Why did Satan Murder Jesus, Knowing How angry this would make God?
The most enlightening answer that I have read on this question comes from the anthropologist Rene Girard. He answers the question in terms of the idea of scapegoating, and lays out the argument that since the time Cain formed cities, Satan has been at the centre of creating civilizations, a word whose entymology traces back to the idea of a city or city-state.
As people intermingle in close quarters, they develop admiration, and then envy for each other. It is the idea of coveting everything that is of 'thy neighbour' to the point of desiring to become thy neighour and usurp their very lives. Resentments build up to a crescendo, and the whole enterprise of civilization threatens to fall down upon itself.
The devil's antidote to this is the process of scapegoating which serves a cathartic purpose.

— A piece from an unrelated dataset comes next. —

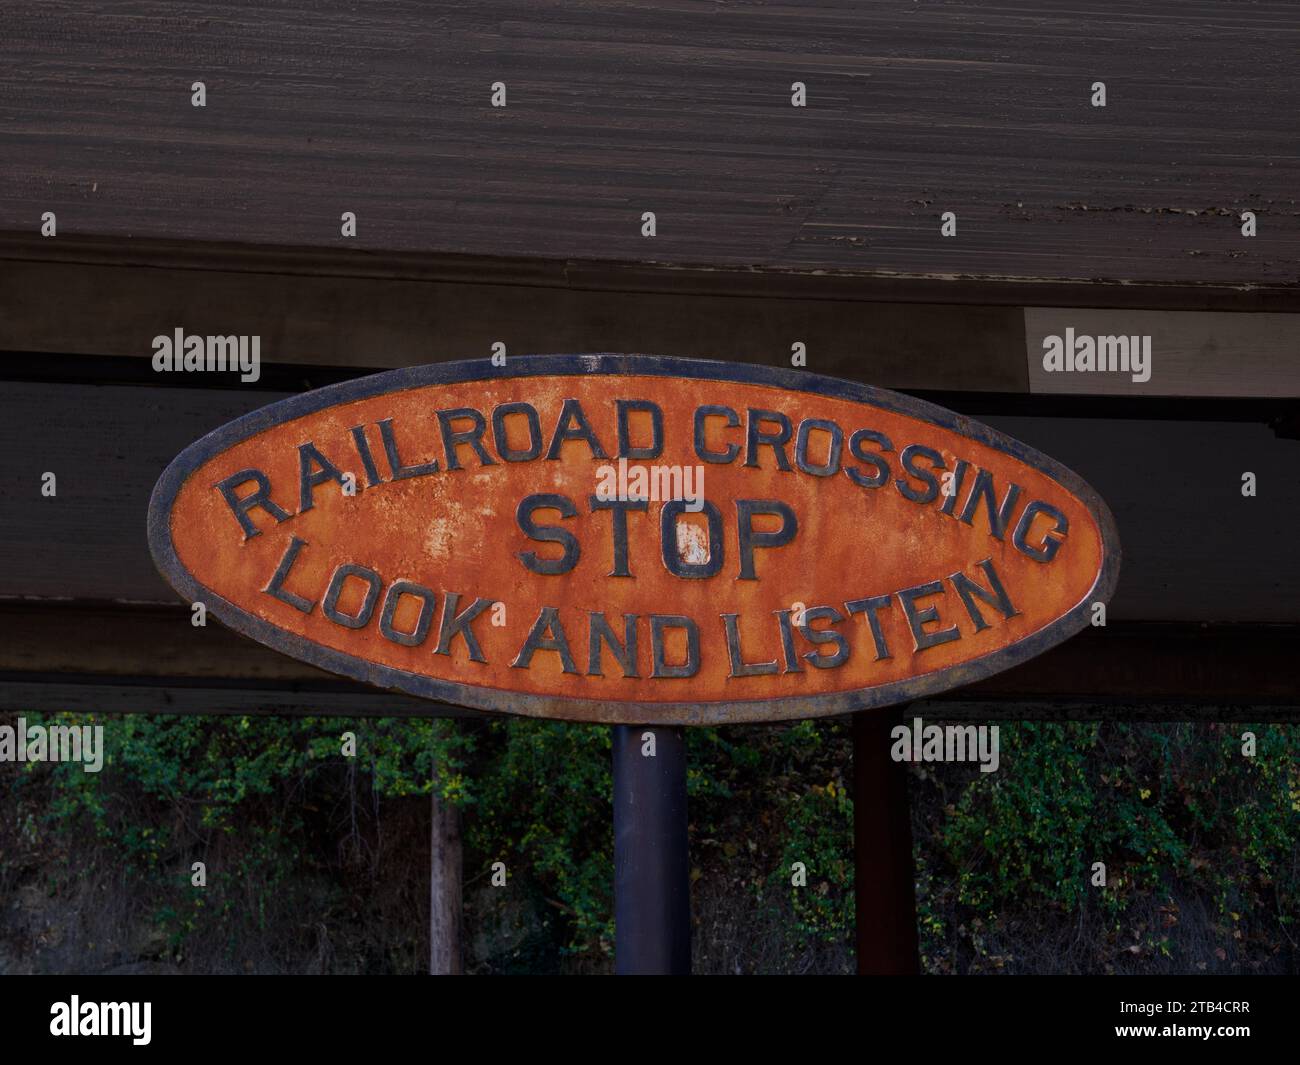 Stop, Look, Listen sign at Staunton train station, Staunton, VA, USA Stock Photo
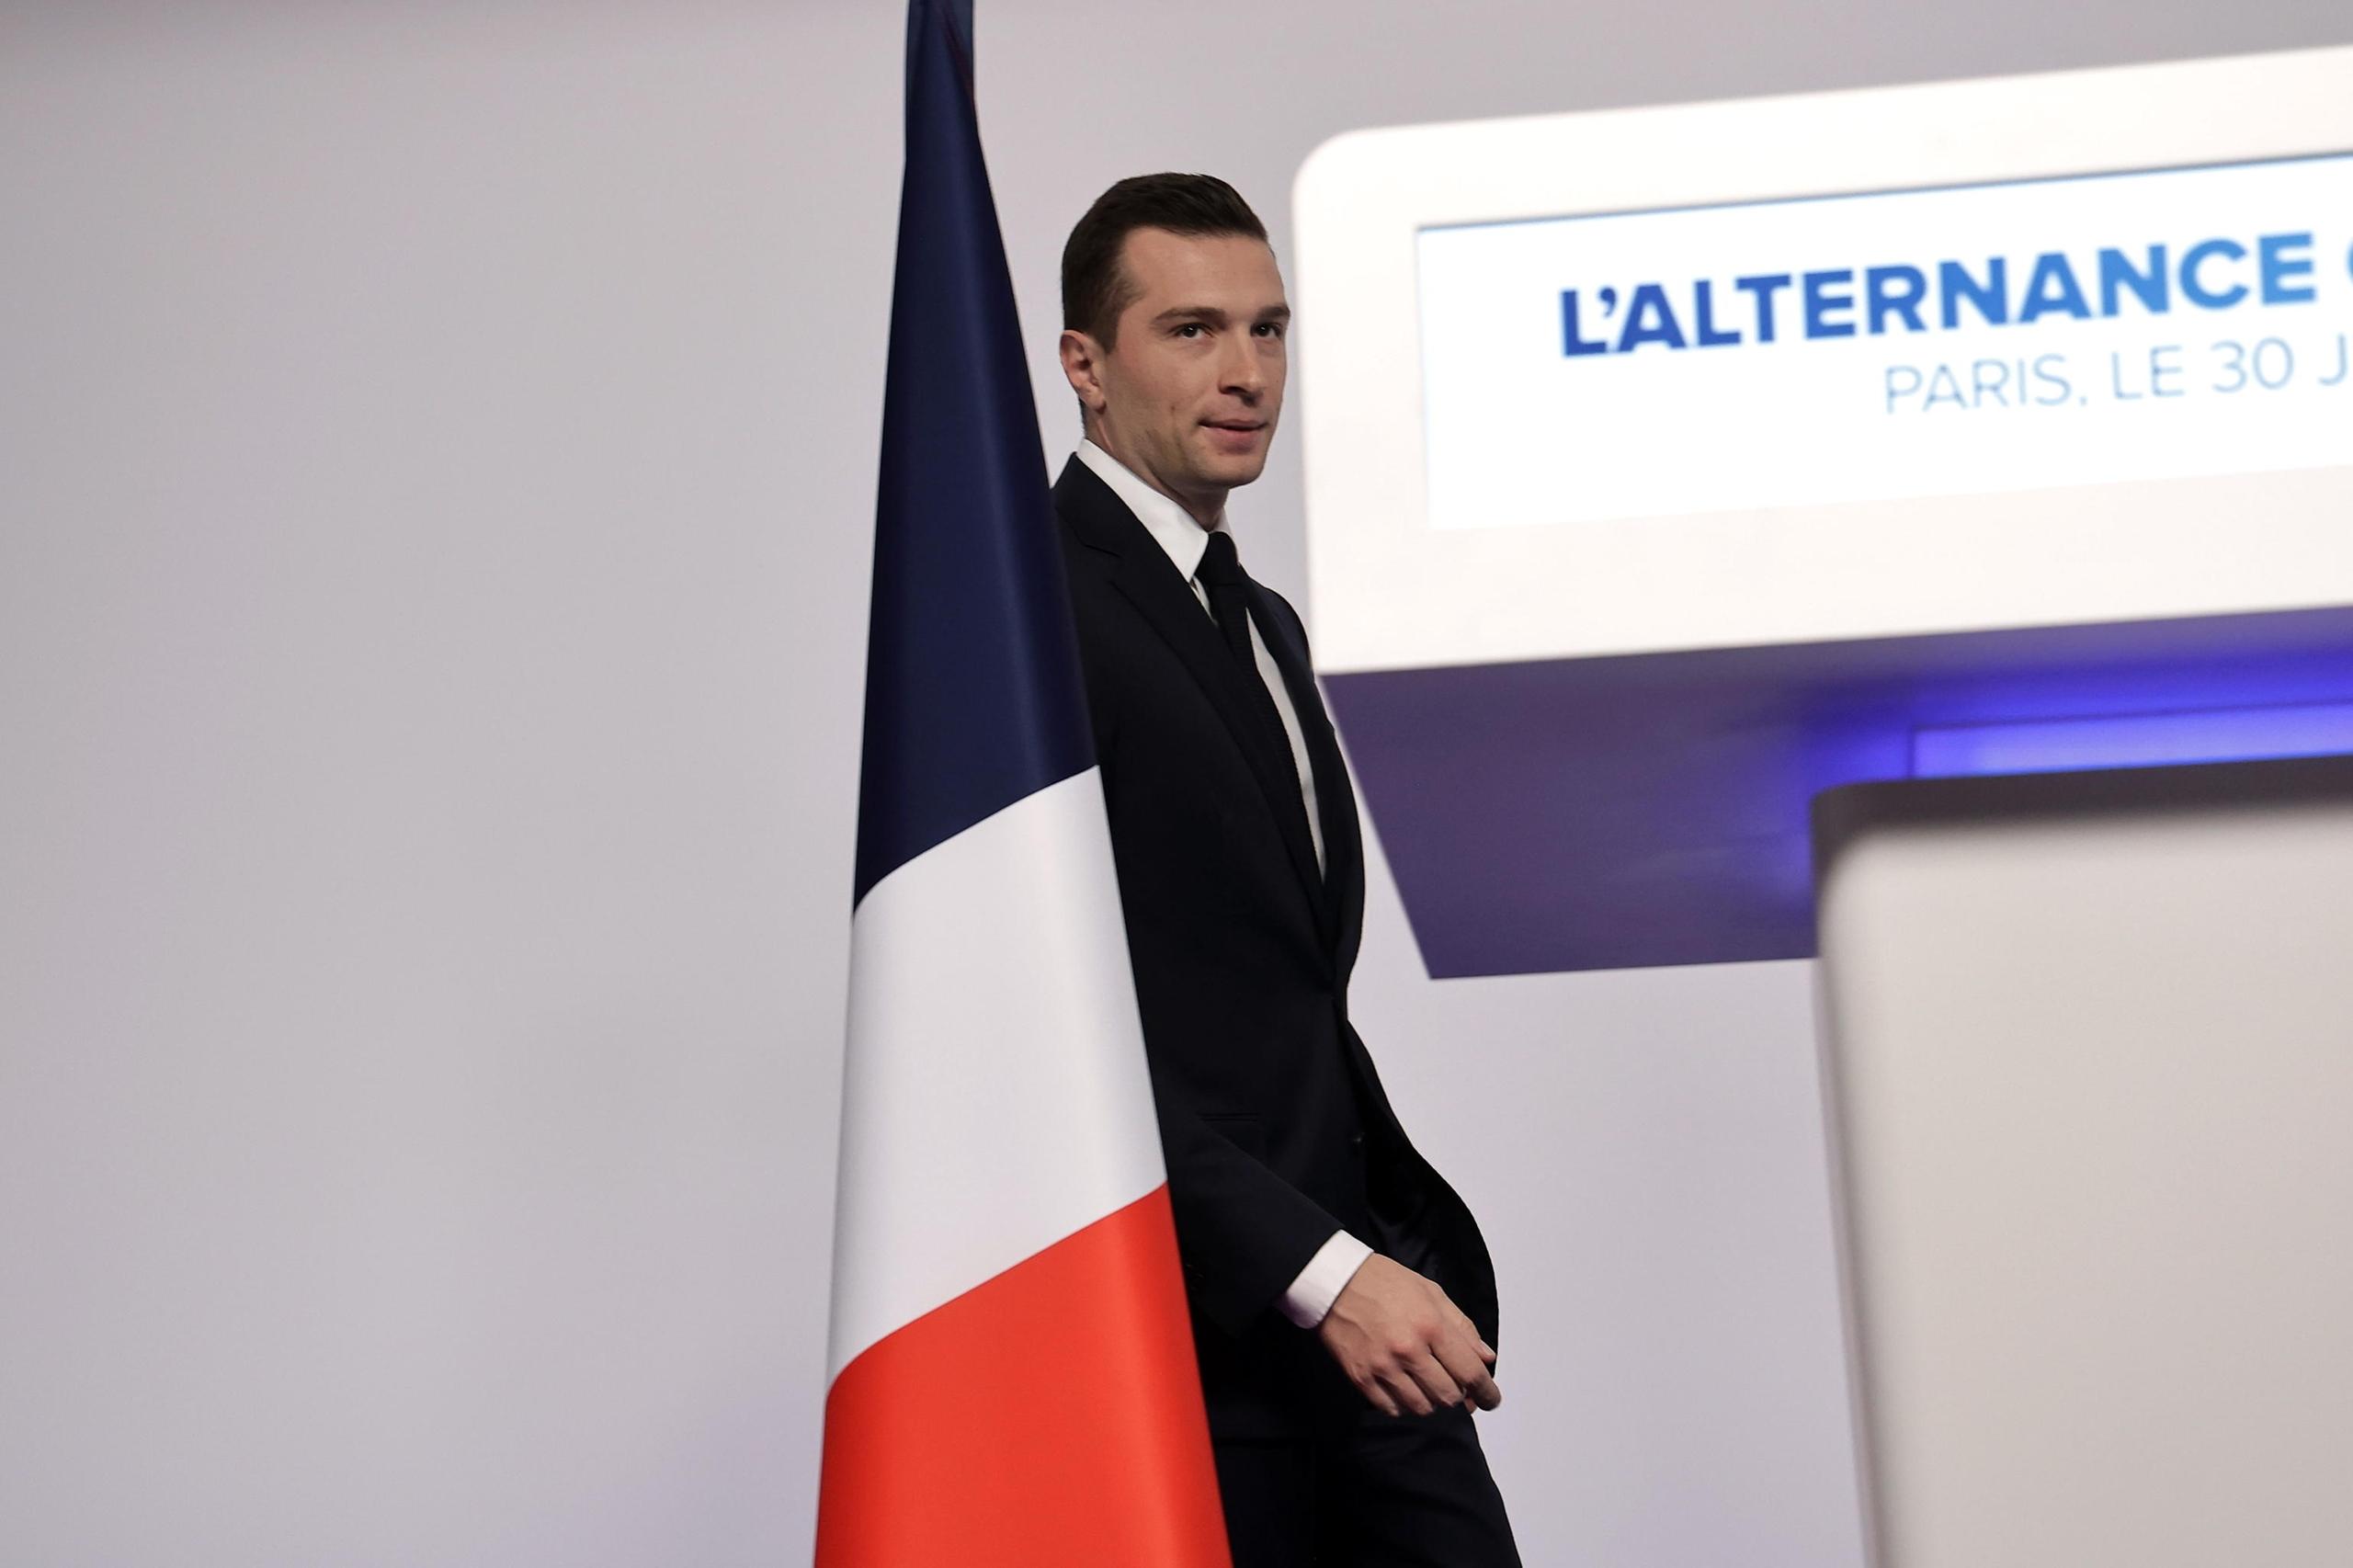 Elezioni in Francia, Bardella esulta: "Il verdetto è chiaro, sarò premier di tutti"

All the resentments that the people in the city have for each other are channeled to a victim, a scapegoat, and that scapegoat is seen as the source of the discord that has been brought about through their envying of each other.
The envy that Girard refers to is termed 'mimetic desire' and he sees an example of it in the Scripture where Jesus says to Peter, "Get behind me Satan", when Peter's admiration of Jesus takes a bad turn.

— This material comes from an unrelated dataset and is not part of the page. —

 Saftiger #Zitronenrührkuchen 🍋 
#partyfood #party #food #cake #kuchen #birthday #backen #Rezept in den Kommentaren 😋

Antrhopologist Girard finds this process of dealing with mimetic desire throughout history and throughout cultures and notes that it is mostly an unconscious process. The beginning of consciousness comes in the Biblical ritual of laying the sins of the community onto a goat, and driving him out into the wilderness to die.
Satan, the ruler of this world, had been using that process to allow for civilizational advancement, which started with the murderer Cain whose progeny is associated with cities and culture. That is the clue to the idea that it is Satan who is behind the process.
Normally, the victim chosen is presumed to actually be guilty and responsible for all the discord that enters into society, and the fact that the murder of the victim has the cathartic effect of restoring harmony invariably had the effect of making people believe that they acted correctly and justly. The whole process of the disruption of mimetic desire restoring order through scapegoating remained unknown, and this is what Satan assumed would happen in the scapegoating of Christ too.
biblically speaking, Girard points us to 1 Corinthians 2:8
None of the rulers of this age understood it, for if they had, they would not have crucified the Lord of glory.
If Satan would have understood the consequence of his 'business as usual' plan, he would not have dared to scapegoat Jesus. He assumed that, as always, what had been cooked up in the dark would remain in the dark, same as it always had been.
God in effect tricked Satan and exposed the social mechanism of scapegoating. When it is God himself being scapegoated with the crucifixion of the fautless innocent victim who is Jesus, people become fully aware that scapegoating is nothing more than murder. It is their own sins, their own envies, their own covetous desires, their own mimetic desires that they had been transferring onto the scapegoat all along.
Satan became apparent; he fell like lightning as the Bible relates.
Like all the rulers of this world, if he had known and truly understood it, he would not have crucified Jesus.
God in effect tricked him into showing his hand.